Here is a simple example of how to load an annotation and extract the sequences of all genes:

```python
from aegis.annotation import Annotation
from aegis.genome import Genome

# Load the genome and annotation
genome = Genome(name = "my_genome", genome_file_path = "path/to/genome.fasta")
annotation = Annotation(name = "my_annotation", annot_file_path = "path/to/annotation.gff3", genome=genome)

# Generate and export gene sequences
annotation.export.genes()

```
## Documentation
For further and more detailed information on how to use the **AEGIS** package, including **Jupyter Notebook examples**, please refer to the **GitHub Wiki**. The wiki provides comprehensive guides and tutorials to help you get the most out of the suite.

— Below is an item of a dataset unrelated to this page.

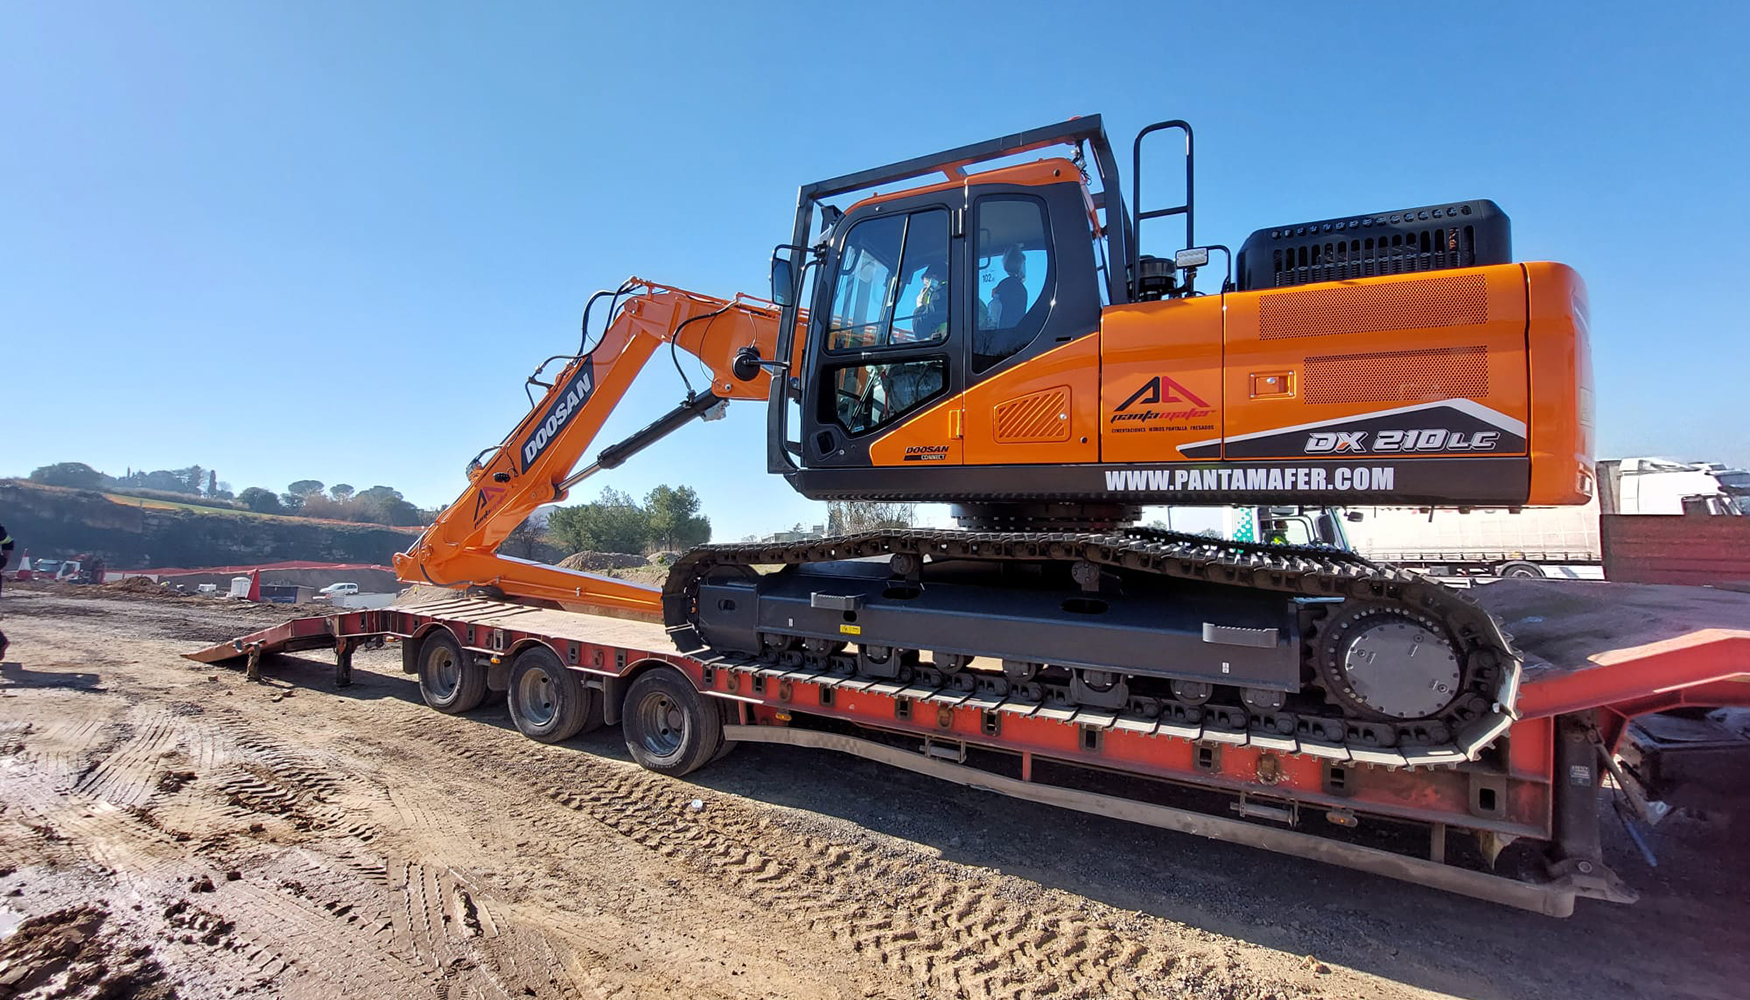 La excavadora de cadenas Doosan DX210LC facilita el transporte por carretera

**Link to Wiki:** https://github.com/Tomsbiolab/aegis/wiki

## Citation

If you use AEGIS in your research, please cite the following preprint:
> Navarro-Payá, D., Santiago, A., Velt, A., Moretto, M., Rustenholz, C., & Matus, J. T. (2025). *AEGIS: an annotation extraction and genomic integration resource*. bioRxiv. doi: [10.64898/2025.12.04.692274v1](https://www.biorxiv.org/content/10.64898/2025.12.04.692274v1)

## License

AEGIS is licensed under the GNU General Public License v3.0. See the `LICENSE.md` file for more details. Third-party tools included in the Docker image are distributed under their respective licenses.